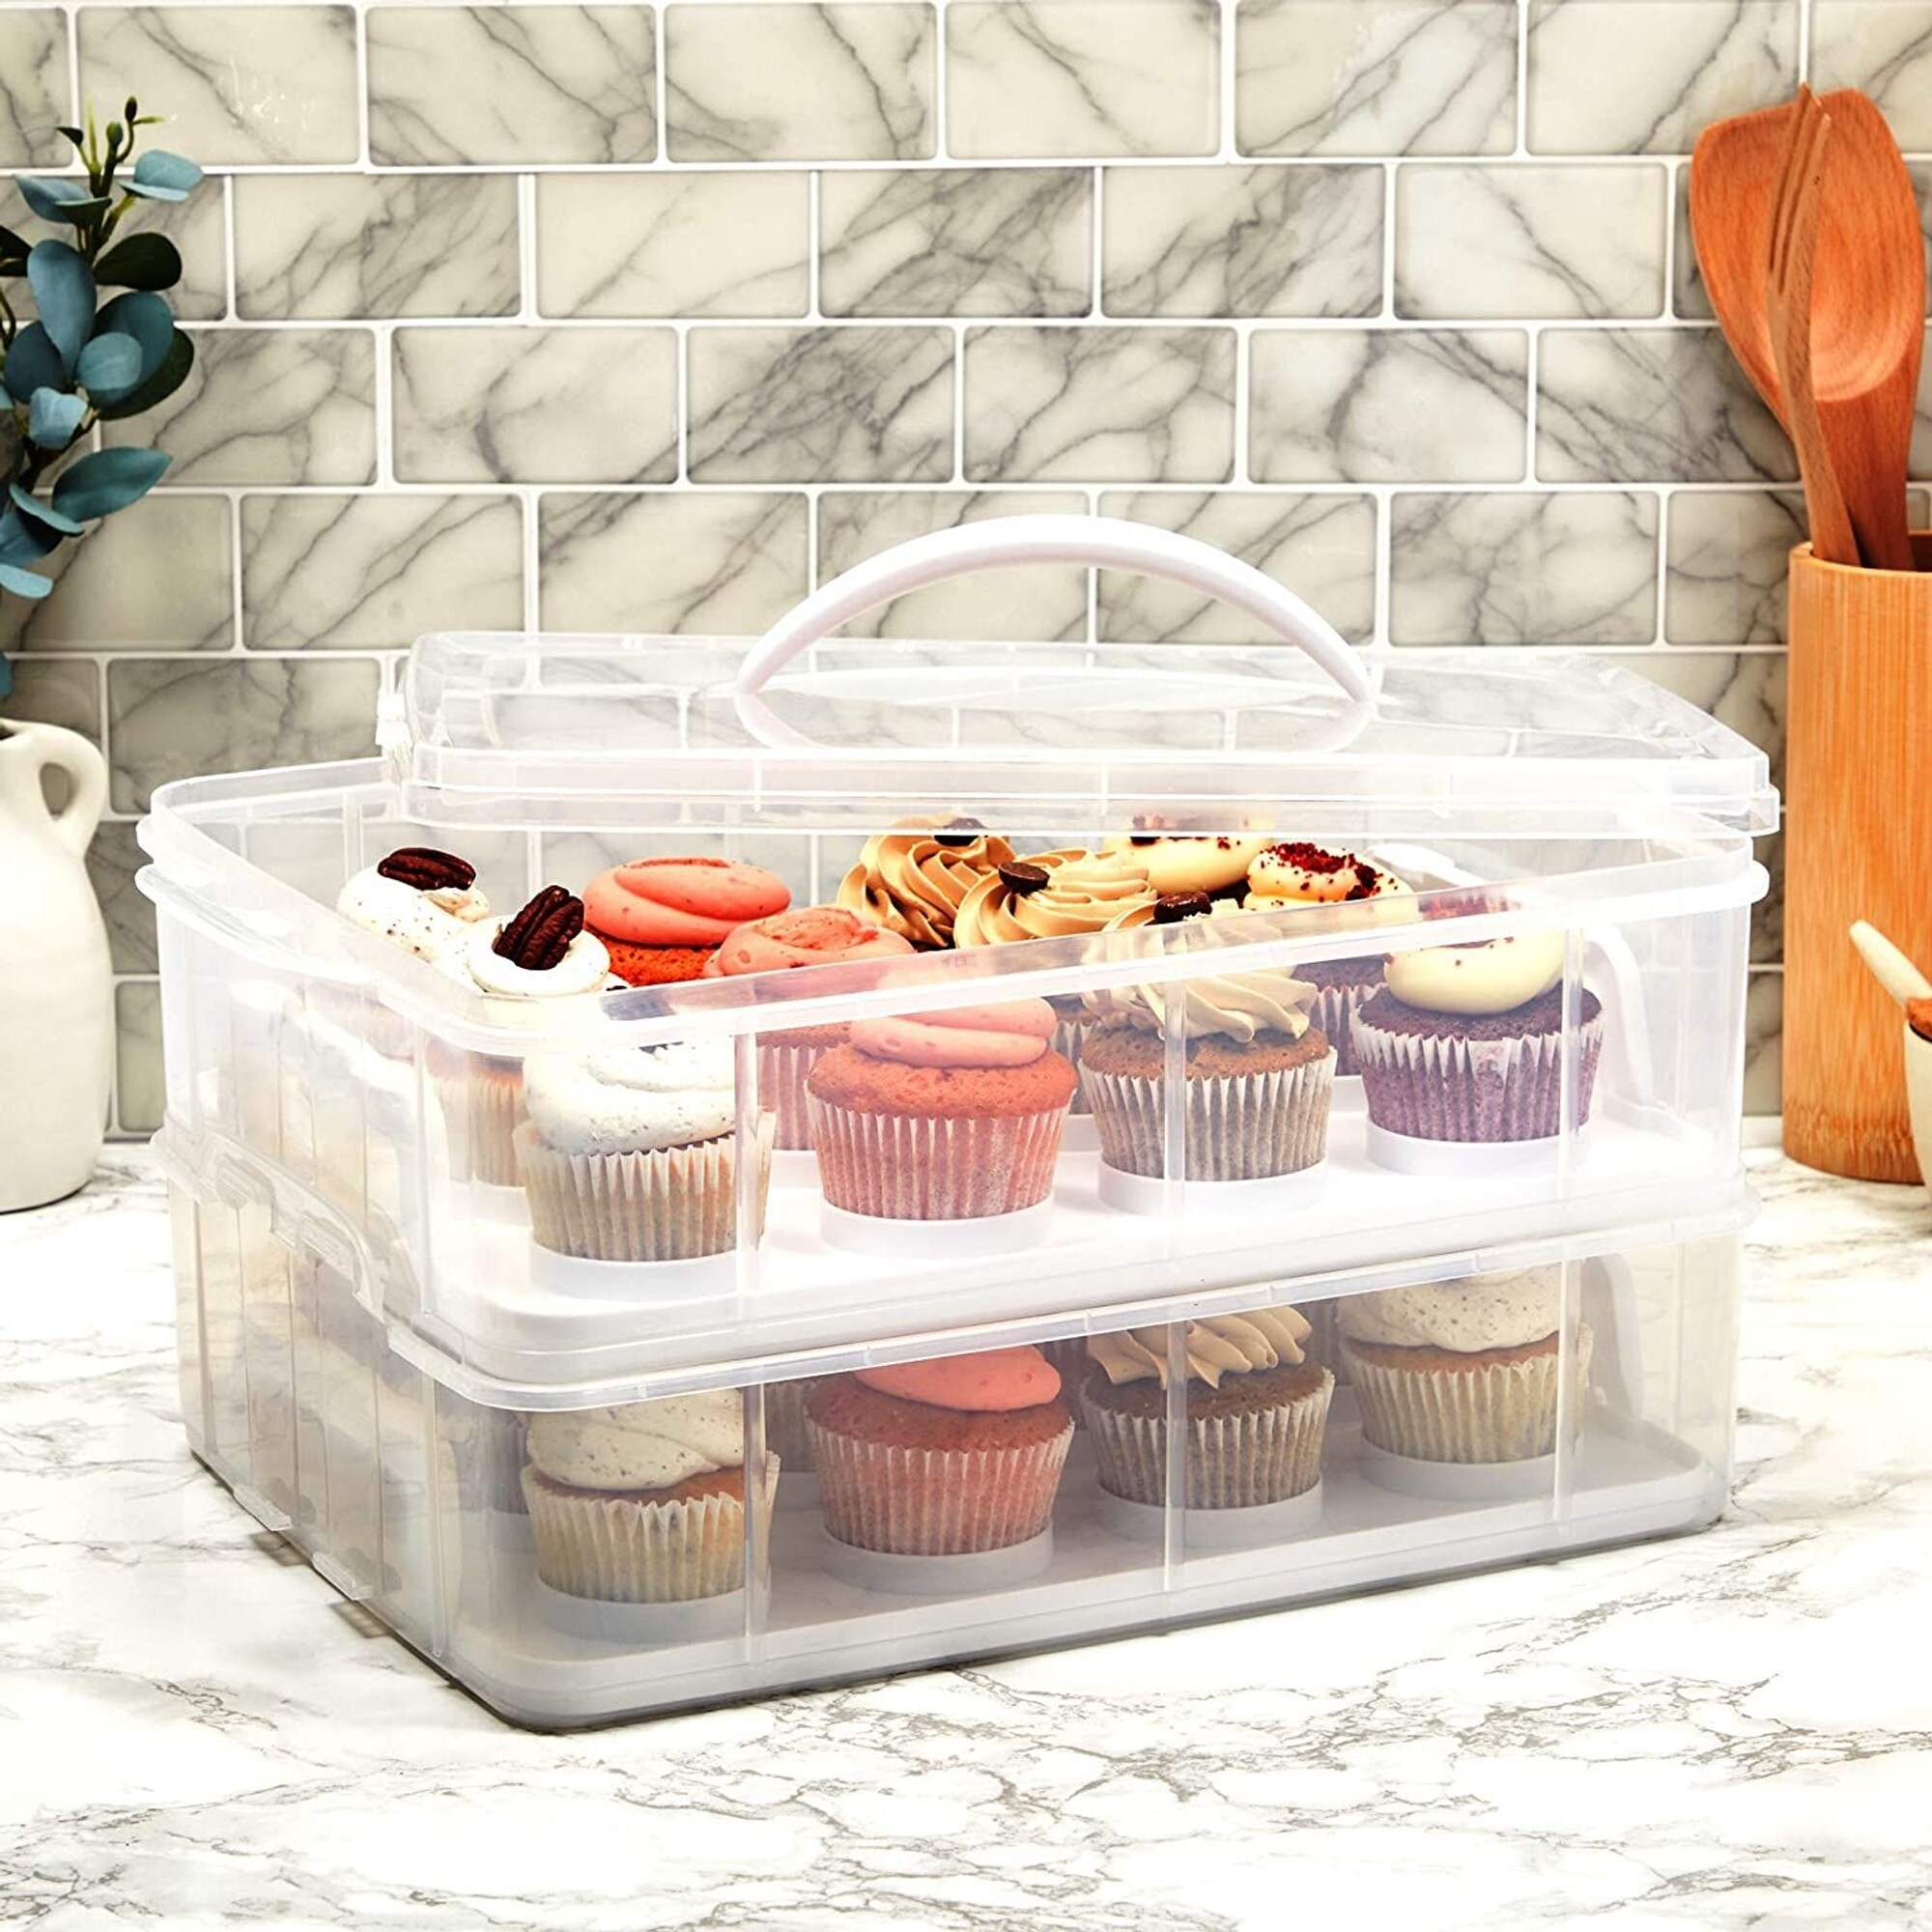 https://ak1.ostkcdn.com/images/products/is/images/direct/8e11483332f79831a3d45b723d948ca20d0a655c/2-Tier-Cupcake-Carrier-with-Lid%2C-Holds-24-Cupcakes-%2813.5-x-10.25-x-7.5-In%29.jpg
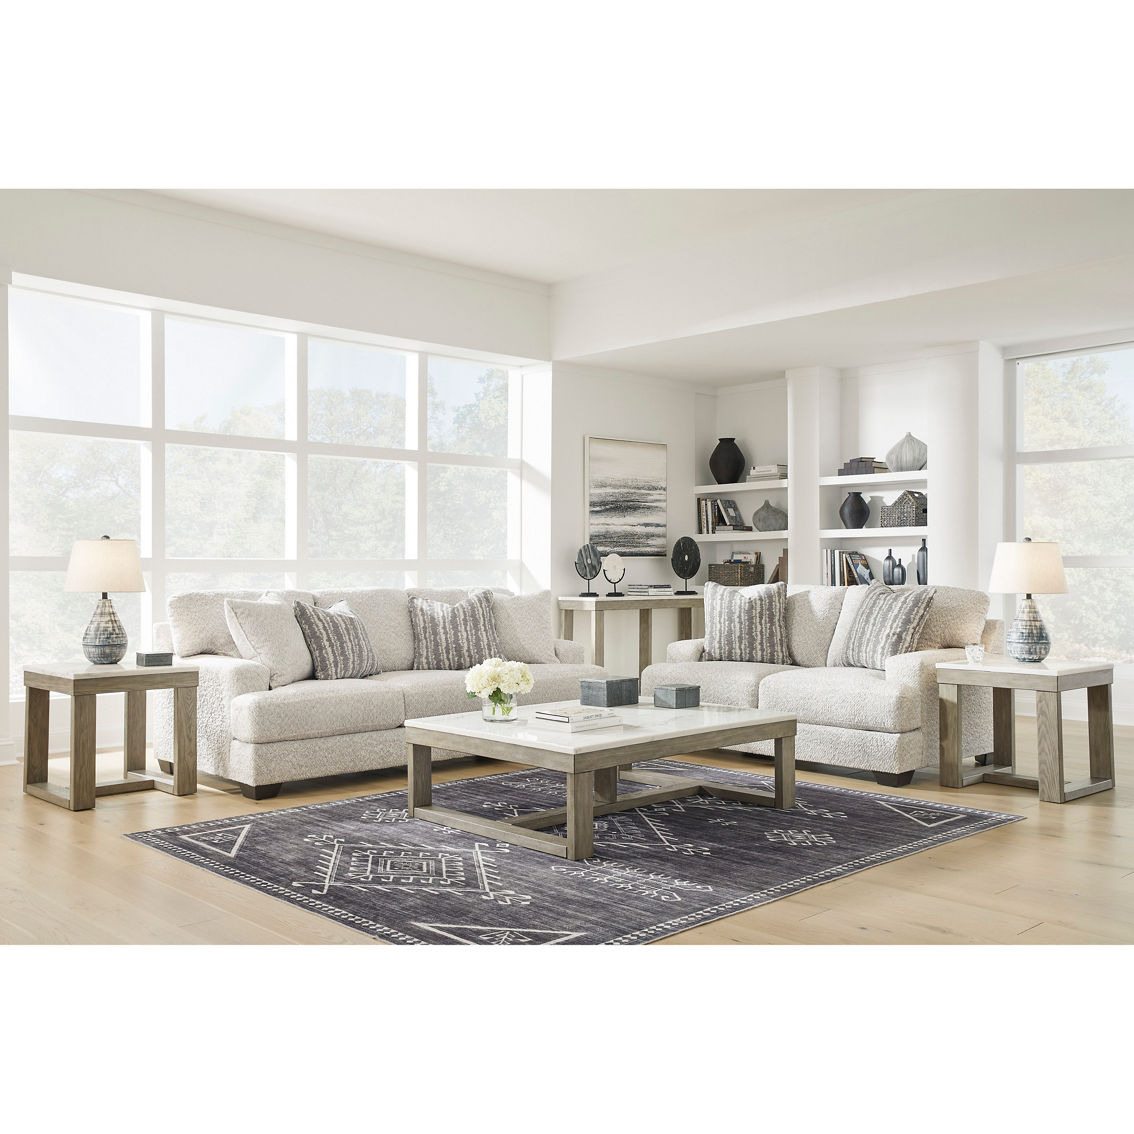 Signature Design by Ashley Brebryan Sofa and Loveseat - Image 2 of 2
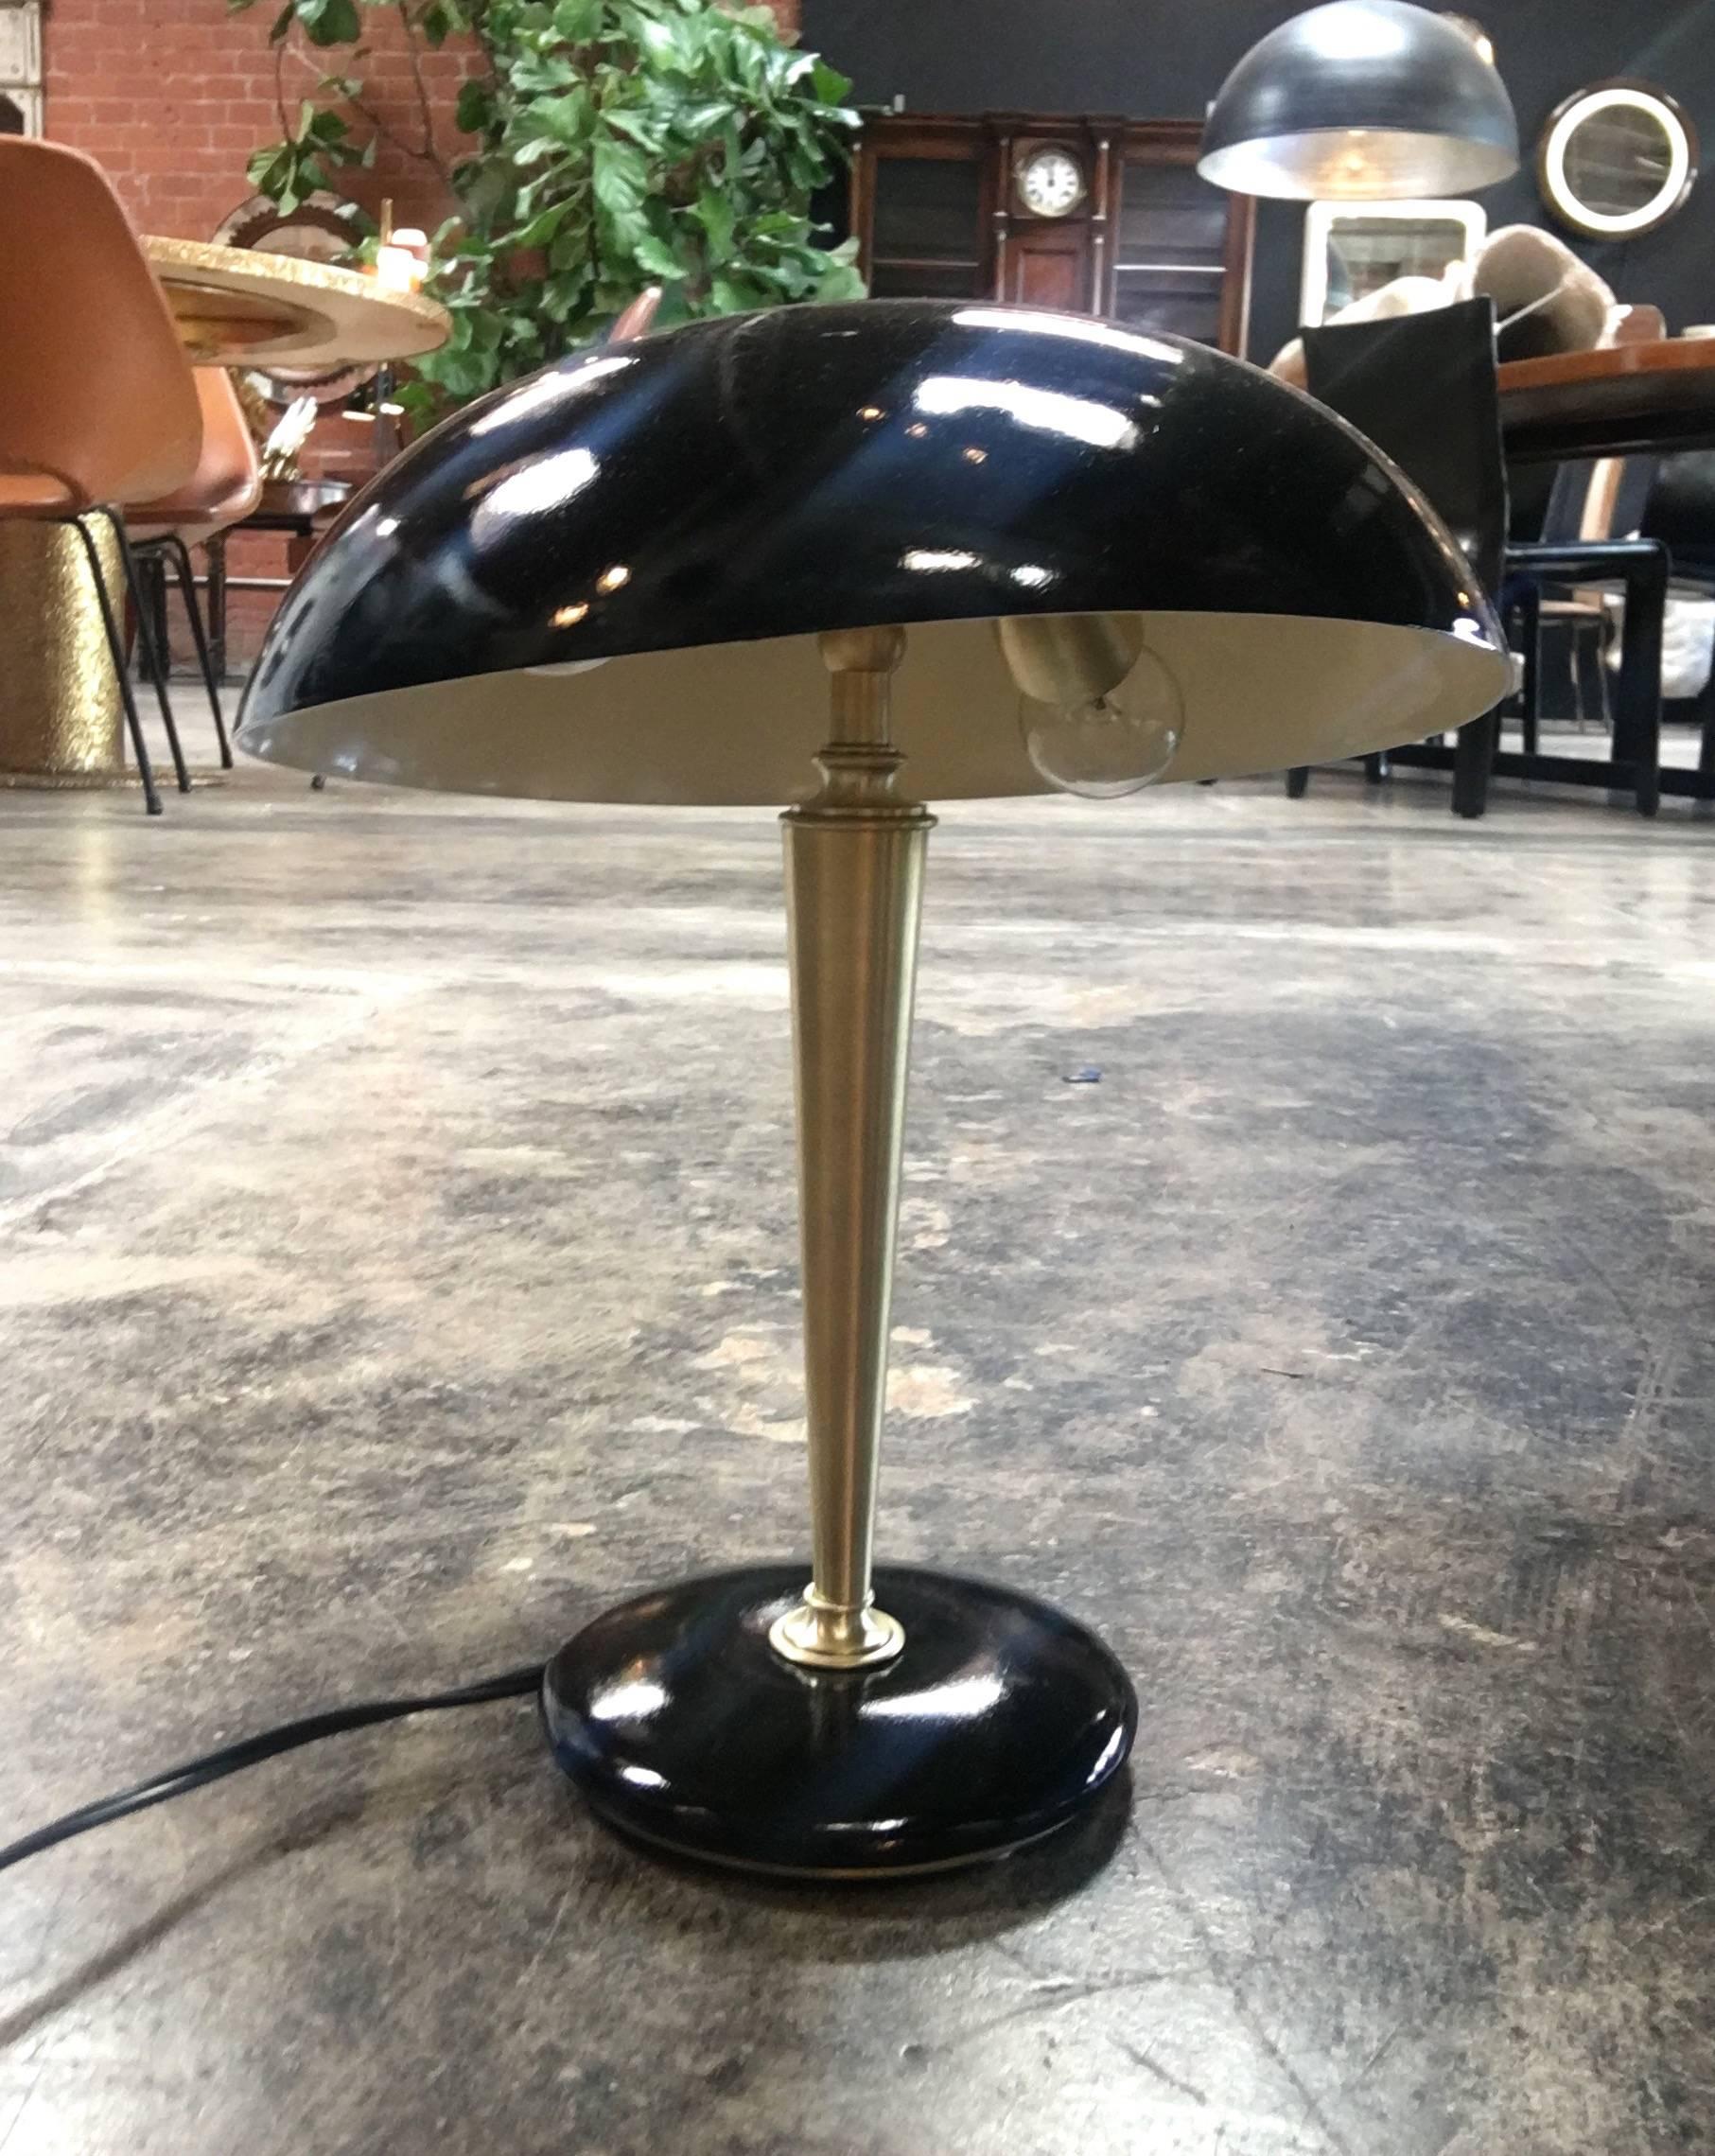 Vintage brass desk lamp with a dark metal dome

━━━━━━━━━━

:: EXERCISE PROMPT ::
Transcribe the whole listing exactly as it stands, apart from the pictures.

:: WRITTEN RESPONSE ::
 https://ak1.ostkcdn.com/images/products/is/images/direct/8e11483332f79831a3d45b723d948ca20d0a655c/2-Tier-Cupcake-Carrier-with-Lid%2C-Holds-24-Cupcakes-%2813.5-x-10.25-x-7.5-In%29.jpg
 Signature Design by Ashley Brebryan Sofa and Loveseat - Image 2 of 2
 Vintage brass desk lamp with a dark metal dome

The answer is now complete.